Connection Parameters

ParameterRequiredDescription
endpointYThe endpoint address for connecting to Lakehouse, e.g., 6861c888.cn-shanghai-alicloud.api.clickzetta.com. You can find the JDBC connection string in Lakehouse Studio under Management -> Workspace. The domain name in the JDBC connection string is the endpoint
usernameYUsername
passwordYPassword
workspaceYWorkspace used
virtualClusterYVirtual cluster used
schemaYSchema name accessed
tableYName of the table being accessed

Connect to Lakehouse using Spark Command Line

  • Download the Spark 3.4 jar package from the Spark official website. In this case, the download is spark-3.4.3-bin-hadoop3.tgz
  1. Use the spark-shell command line to connect to Lakehouse locally
bin/spark-shell --jars ./spark_conenctor/spark-clickzetta-1.0.0-SNAPSHOT-jar-with-dependencies.jar
import org.apache.spark.sql.functions.col
import com.clickzetta.spark.clickzetta.ClickzettaOptions
val readDf = spark.read.format("clickzetta").option(ClickzettaOptions.CZ_ENDPOINT, "lakehouse_url").option(ClickzettaOptions.CZ_USERNAME, "user").option(ClickzettaOptions.CZ_PASSWORD, "password").option(ClickzettaOptions.CZ_WORKSPACE, "quikc_start").option(ClickzettaOptions.CZ_VIRTUAL_CLUSTER, "default").option(ClickzettaOptions.CZ_SCHEMA, "public").option(ClickzettaOptions.CZ_TABLE, "birds_test").load()
readDf.show()
2. Use the spark-sql command line to connect to Lakehouse
bin/spark-sql --jars ./jars/spark-clickzetta-1.0.0-SNAPSHOT-jar-with-dependencies.jar
CREATE TABLE lakehouse_table
USING clickzetta
OPTIONS (
    endpoint 'lakehouse_url',
    username 'user',
    password 'password',
    workspace 'quikc_start',
    virtualCluster 'default',
    schema 'public',
    table 'birds_test'
);

3. Use the pyspark command line to connect to Lakehouse

bin/pyspark --jars ./jars/spark-clickzetta-1.0.0-SNAPSHOT-jar-with-dependencies.jar
df=spark.read.format("clickzetta").option("endpoint", "jnsxwfyr.api.singdata.com").option("username", "user").option("password", "password").option("workspace","quick_start").option("virtualCluster", "default").option("schema", "public")option("table","birds_test").load()
df.show()

Lakehouse Spark Connector Usage Restrictions

  • Writing to pk tables is not supported
  • Must write all fields, partial field writing is not supported

Practical Case of Using Spark Connector

Using Spark to Write Data to Lakehouse

Overview

Seamless data transfer between different platforms is crucial for effective data management and analysis.
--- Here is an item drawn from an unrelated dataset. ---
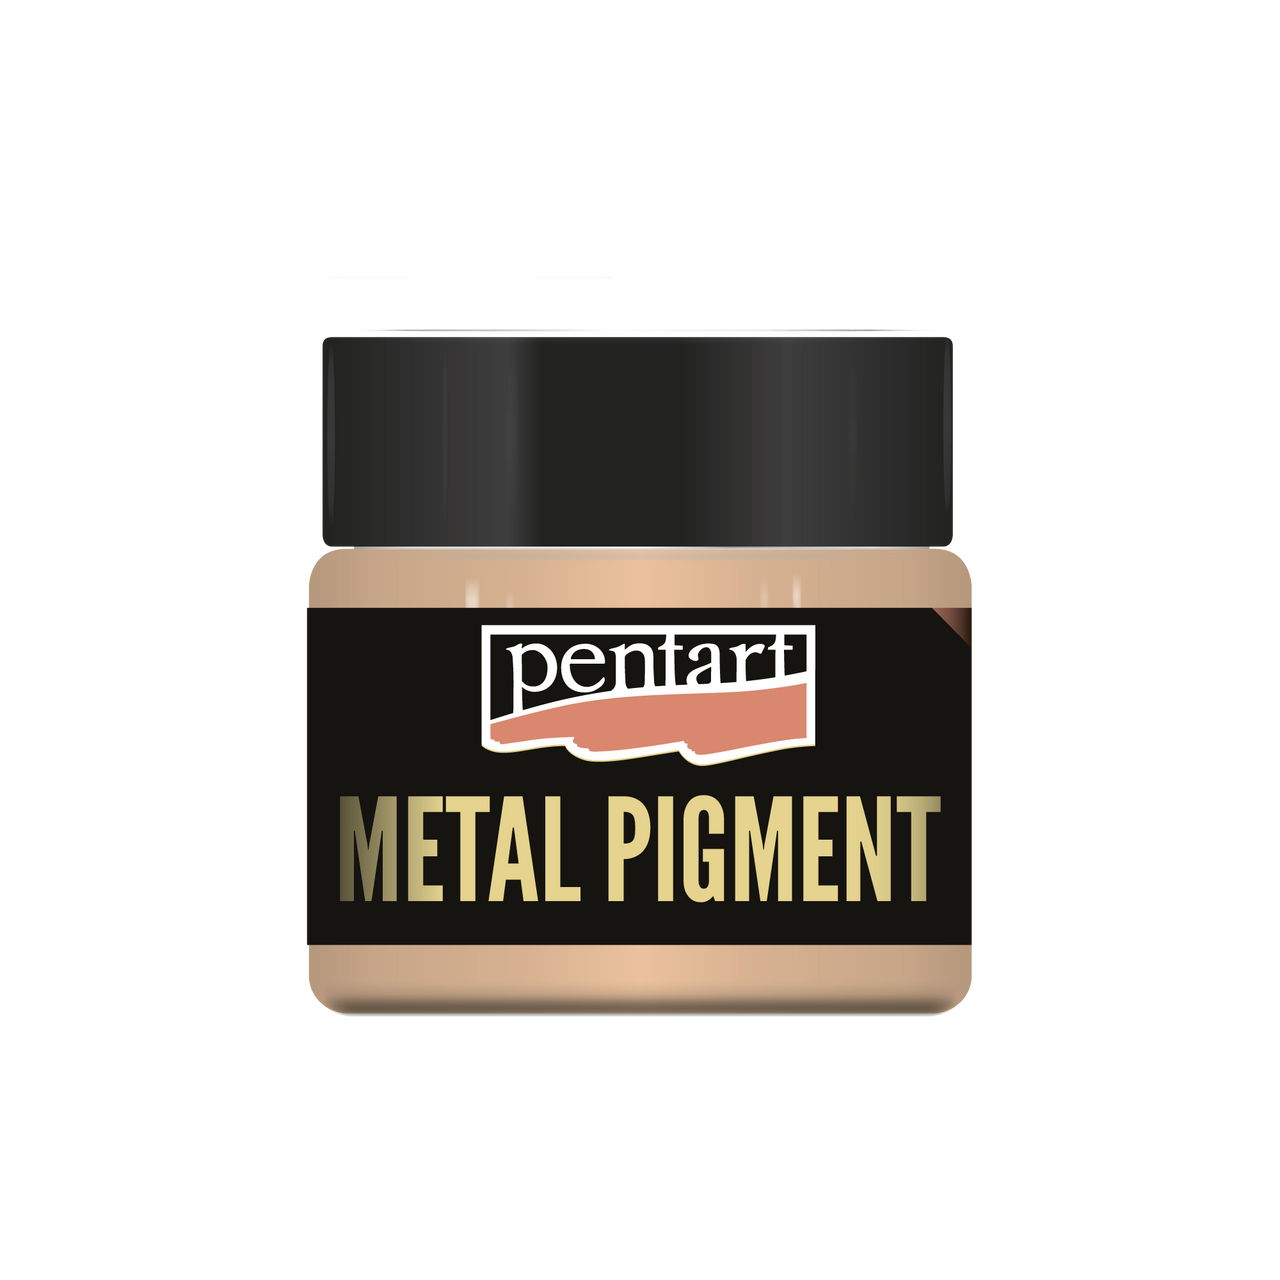 Metal Pigment - Pentart

A common scenario we help many customers solve is using Spark to process data and write it into Lakehouse, with BI reports connecting to Lakehouse for queries.

We will write a Spark program and run it in the Spark environment, using the Connector provided by Lakehouse to write data into Lakehouse.

Environment Requirements

  • Proficiency in Spark programming. You can refer to Developing Spark with IntelliJ IDEA

  • The dataset used in this case is the movie rating dataset from Spark's GitHub. You can download it by clicking the download button on this link

  • Create a table in Lakehouse

    • create table sample_movie_data(user_id int,movie_id int,rating float);
  • Download the Spark Connector package provided by Lakehouse (currently the download package is provided by Lakehouse support). After downloading, add the jar to the local maven repository to facilitate referencing and packaging in maven projects.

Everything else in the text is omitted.